TASK INSTRUCTIONS | Before you write out the listing, remove the pictures; everything else stays exactly as it is.

INFORMATION PROVIDED |
========================

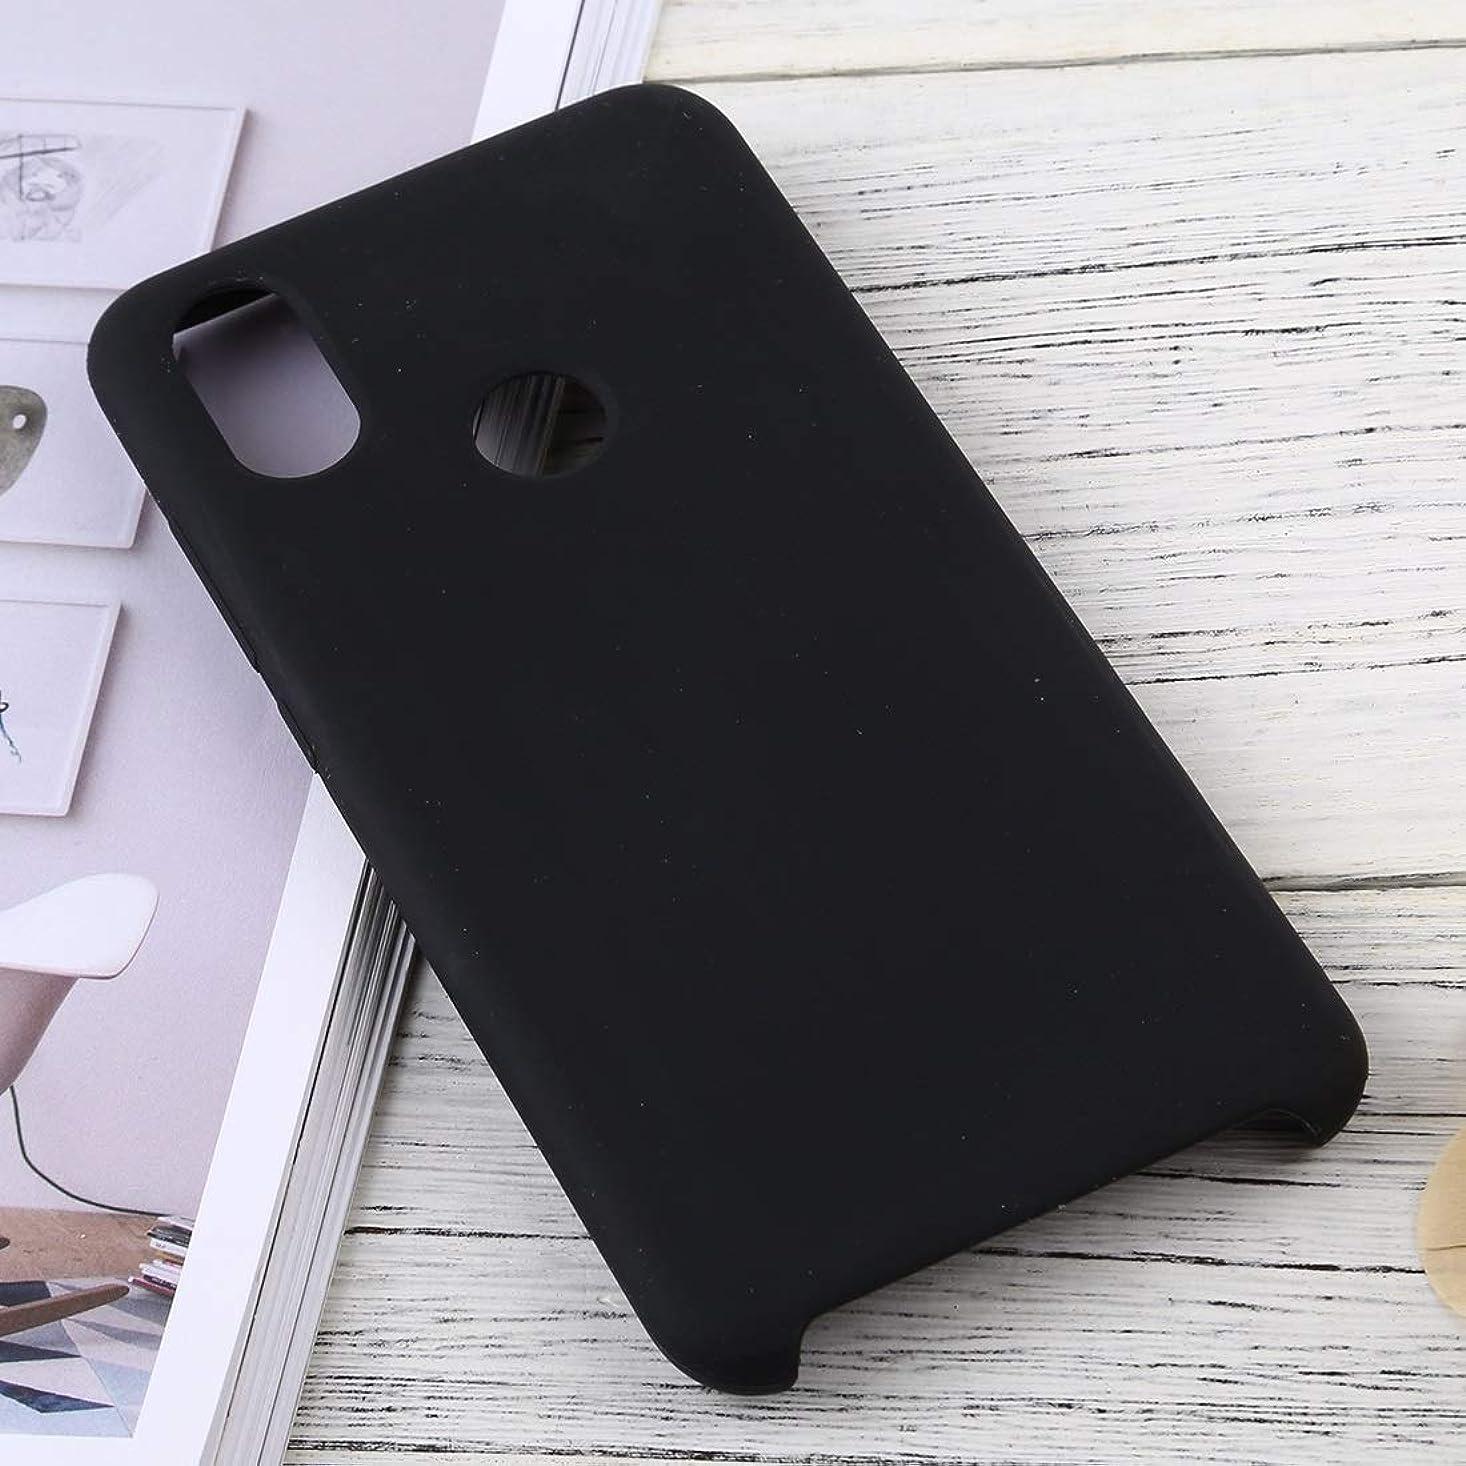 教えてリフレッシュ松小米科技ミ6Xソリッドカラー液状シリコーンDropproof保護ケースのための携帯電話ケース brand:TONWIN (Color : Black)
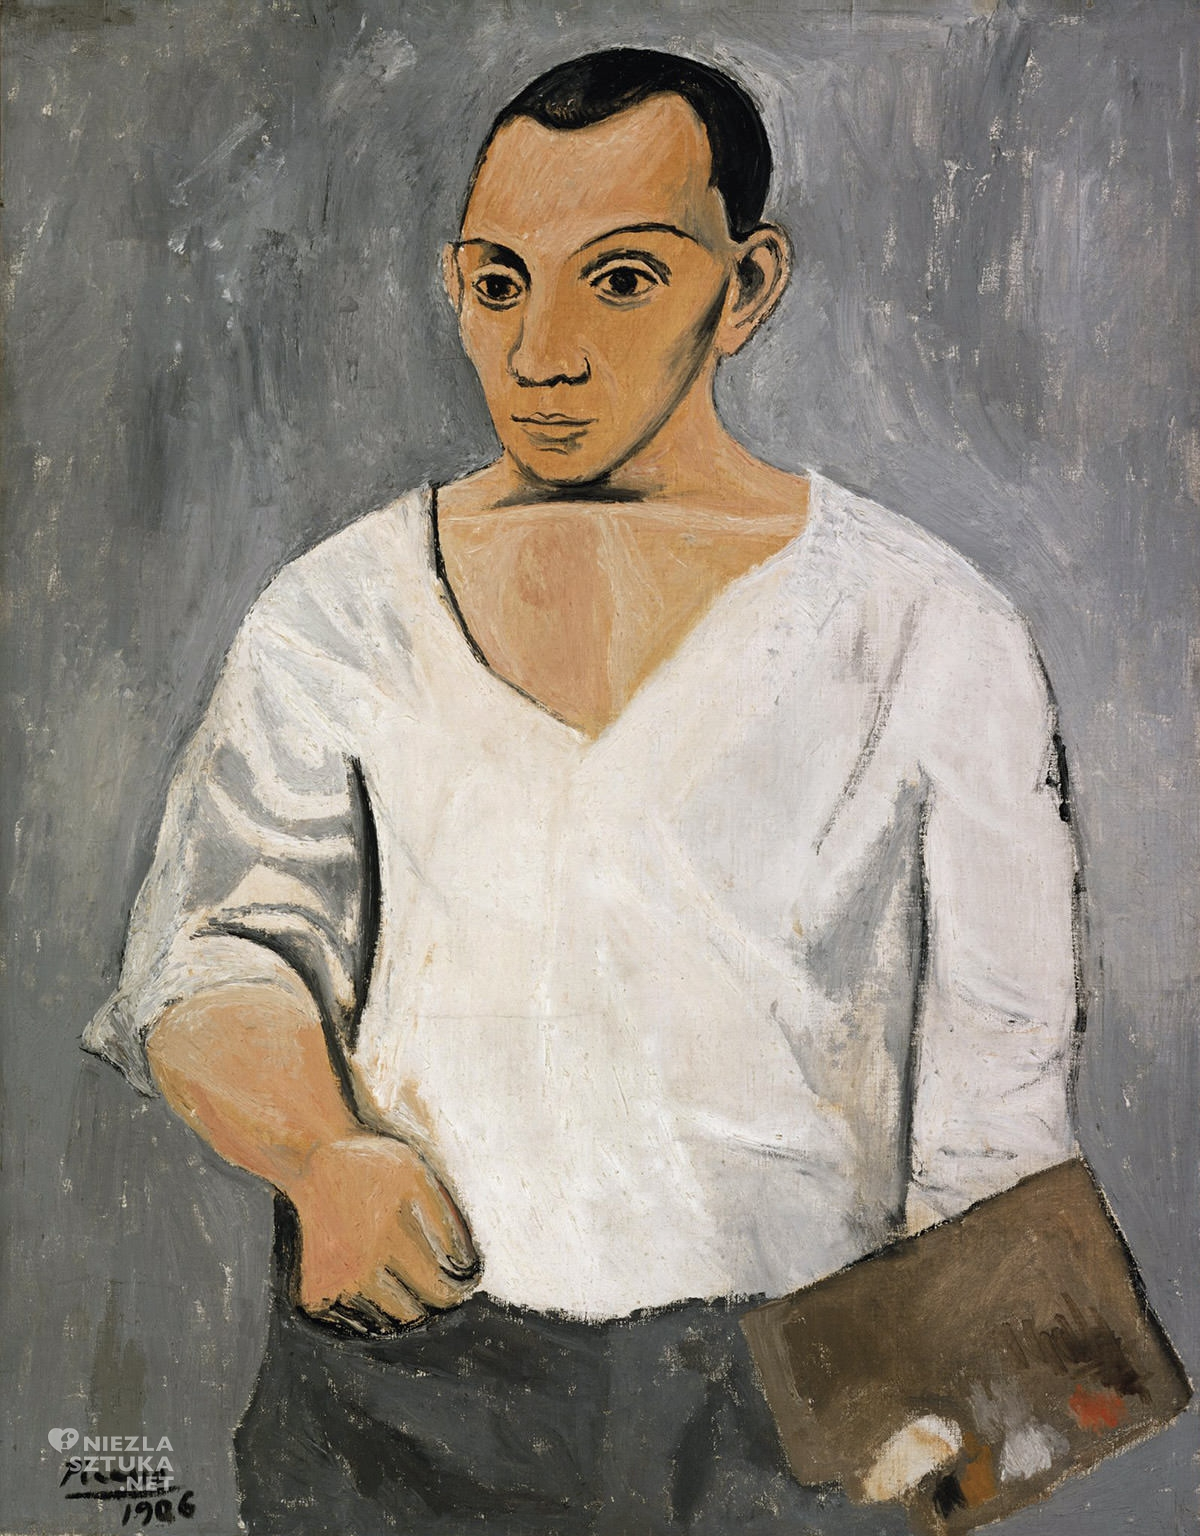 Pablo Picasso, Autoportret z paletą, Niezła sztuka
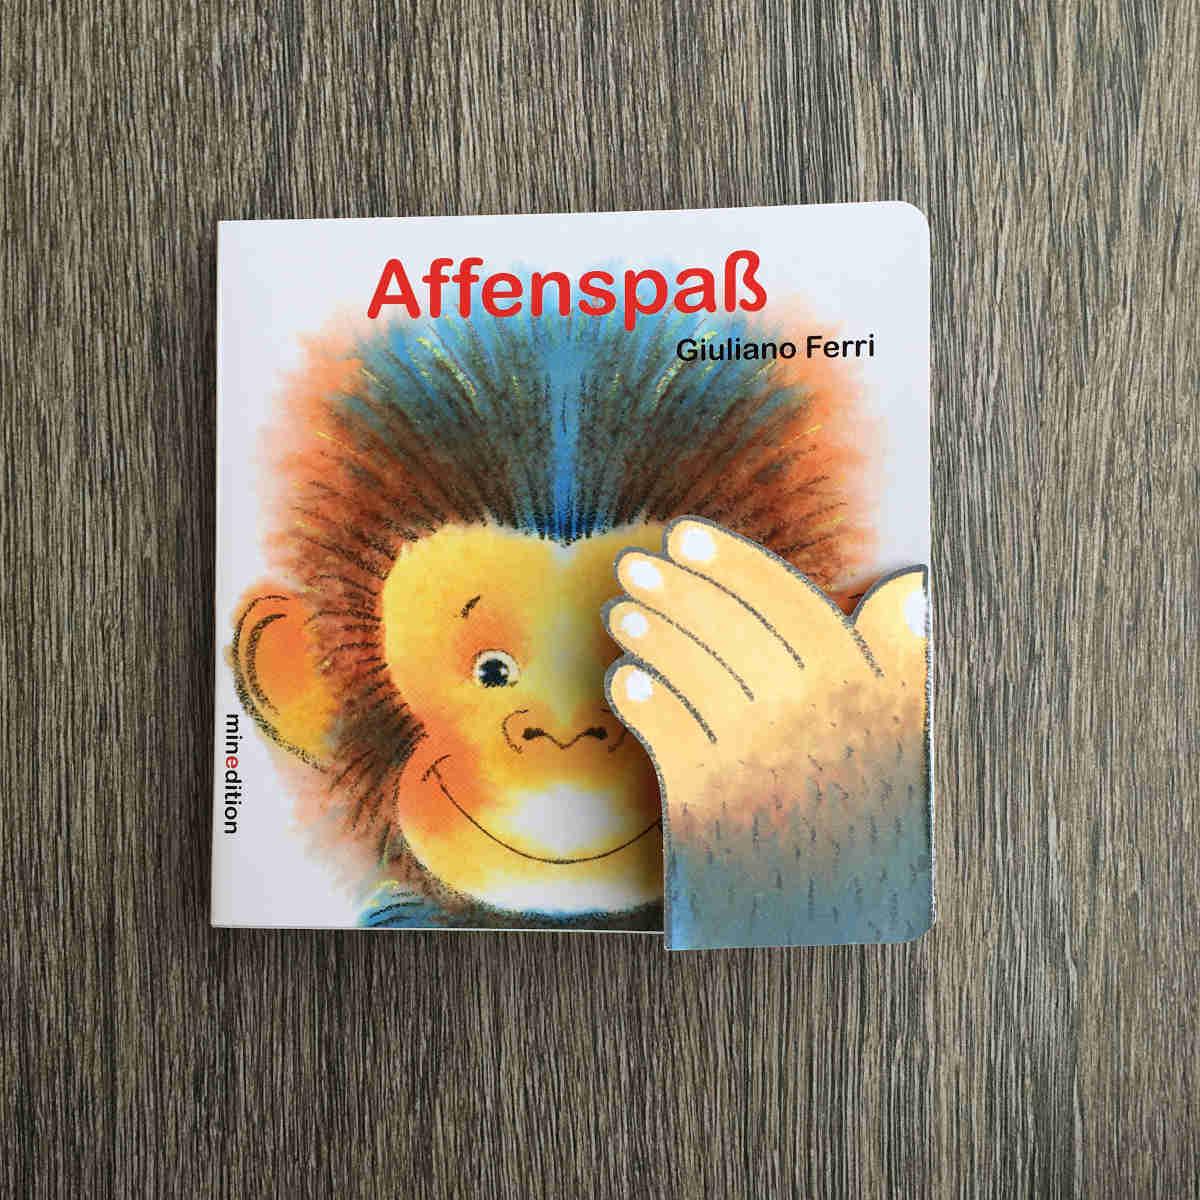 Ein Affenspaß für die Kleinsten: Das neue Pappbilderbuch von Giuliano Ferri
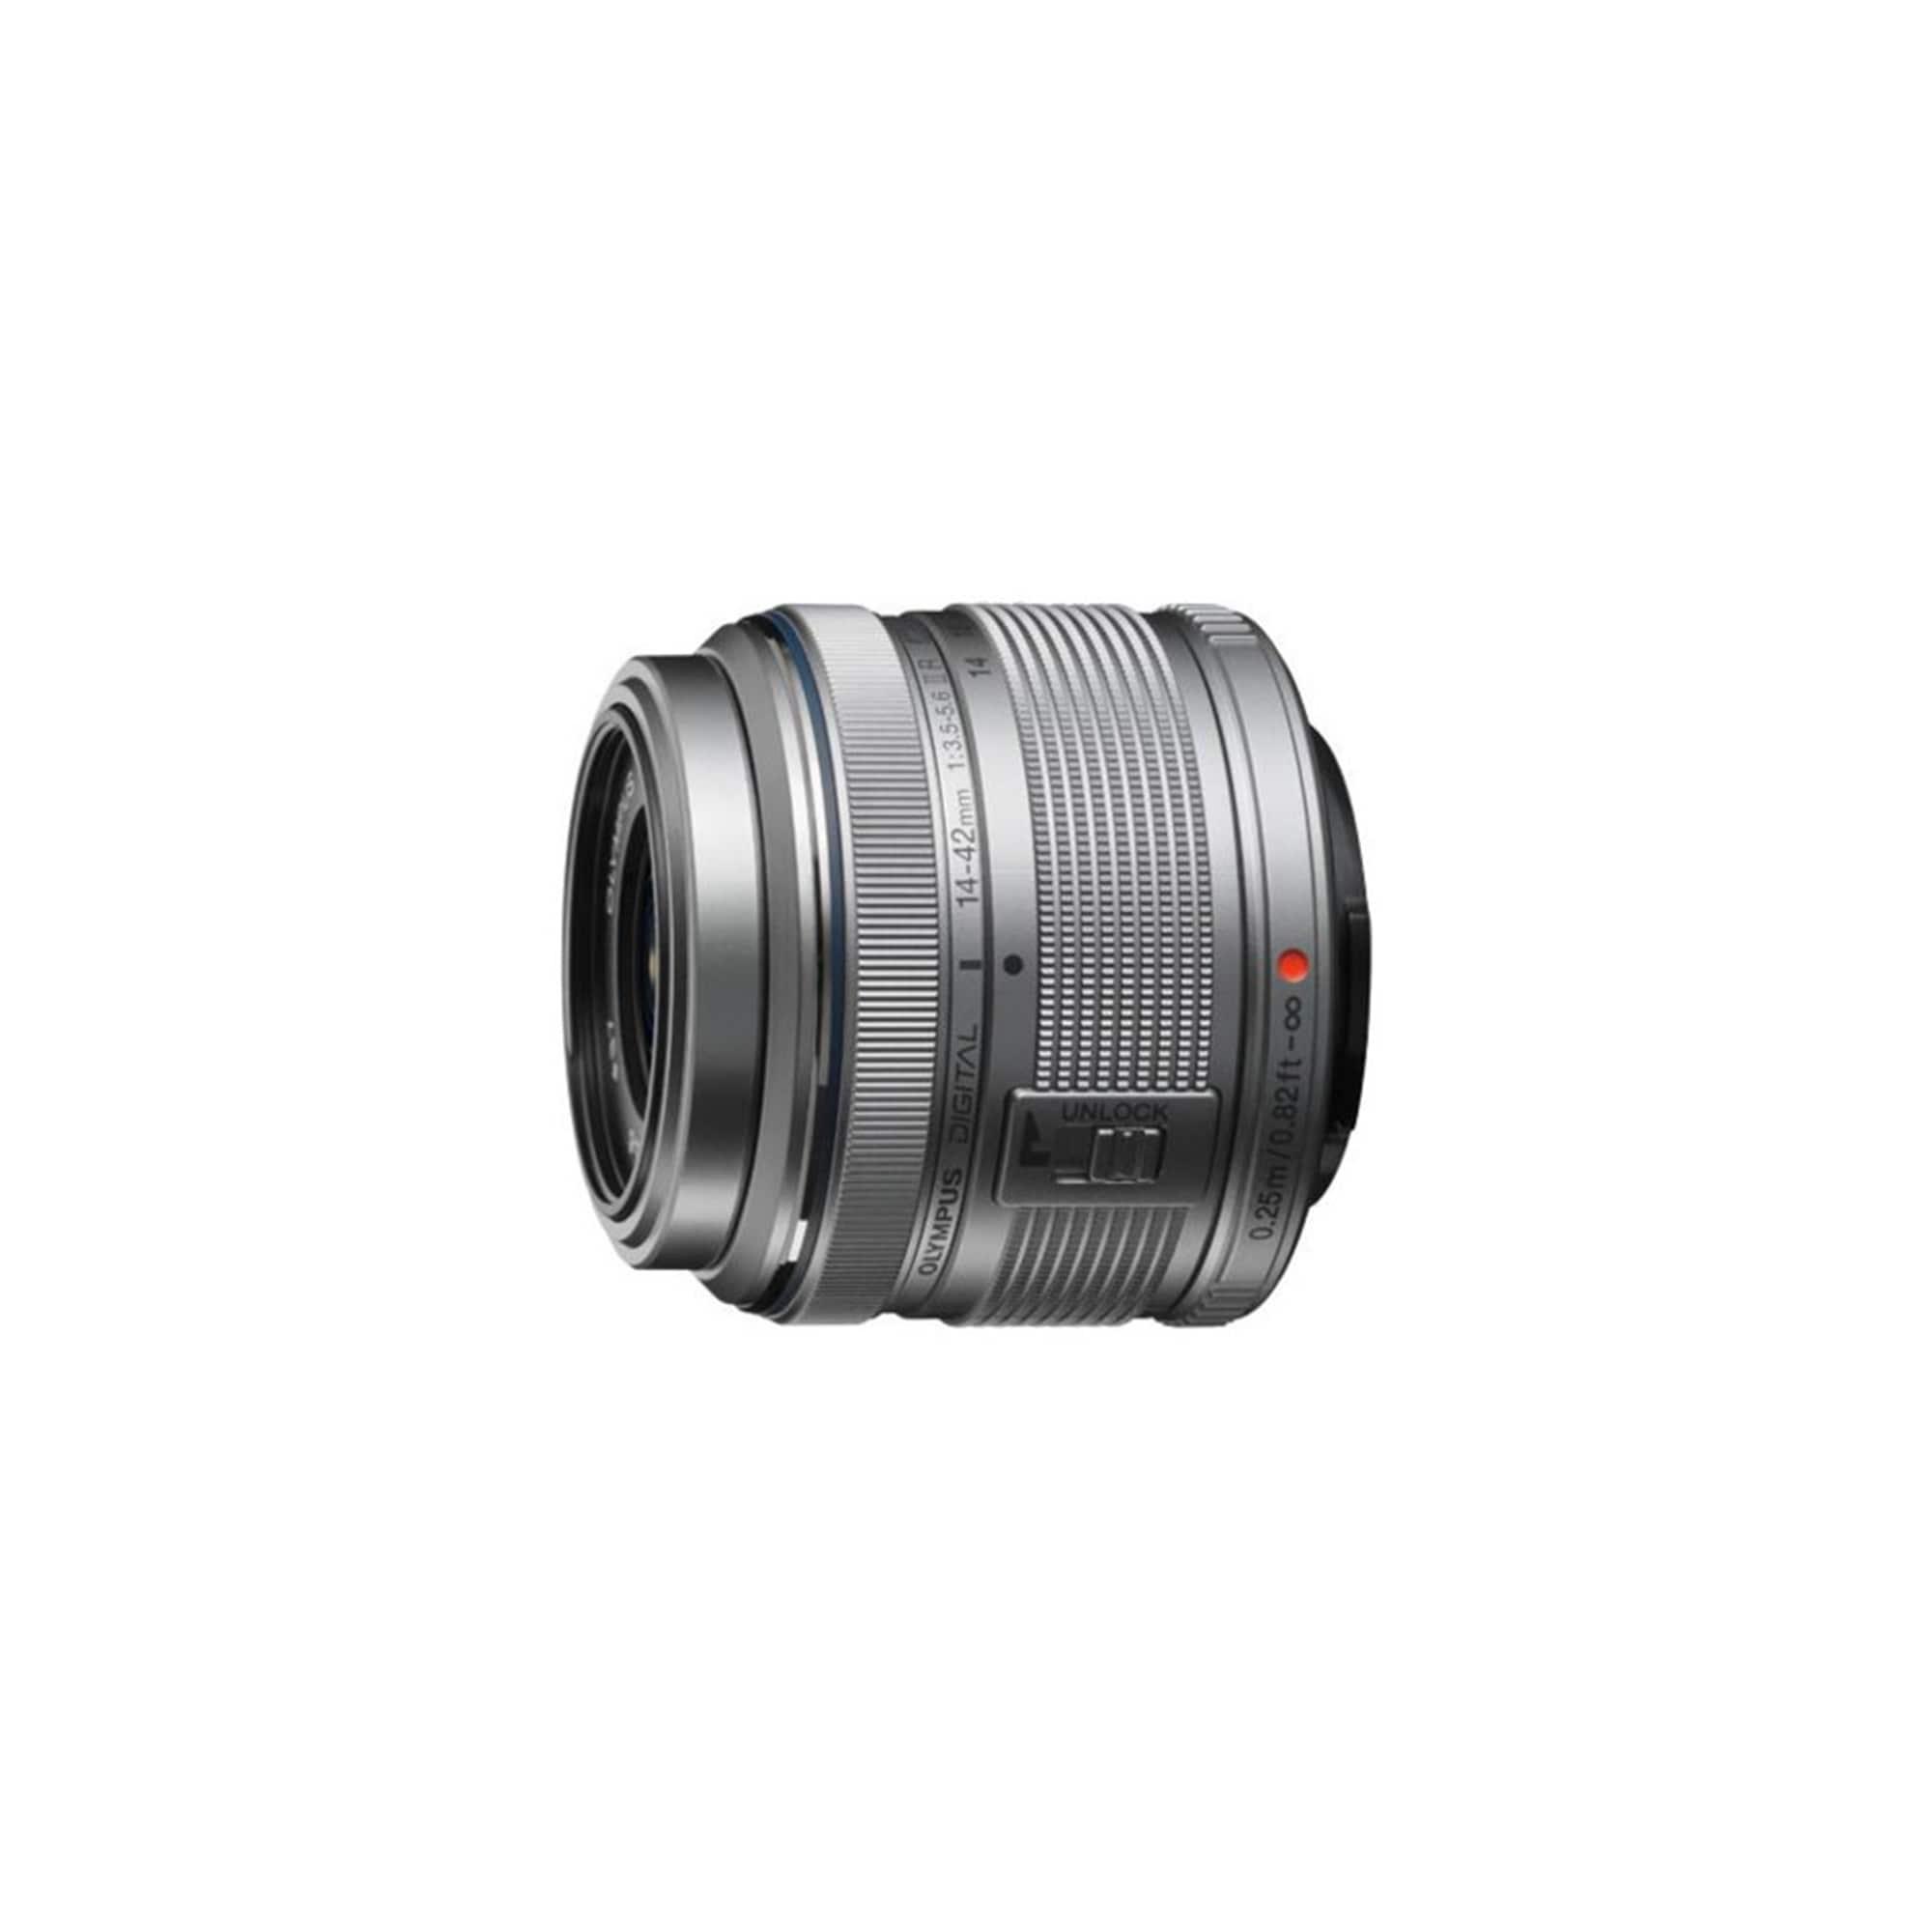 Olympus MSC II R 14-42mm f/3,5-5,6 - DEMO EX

========================

ANSWER TO THIS PROBLEM |
 教えてリフレッシュ松小米科技ミ6Xソリッドカラー液状シリコーンDropproof保護ケースのための携帯電話ケース brand:TONWIN (Color : Black)
 Pablo Picasso, Autoportret z paletą, Niezła sztuka
 Ein Affenspaß für die Kleinsten: Das neue Pappbilderbuch von Giuliano Ferri
 Olympus MSC II R 14-42mm f/3,5-5,6 - DEMO EX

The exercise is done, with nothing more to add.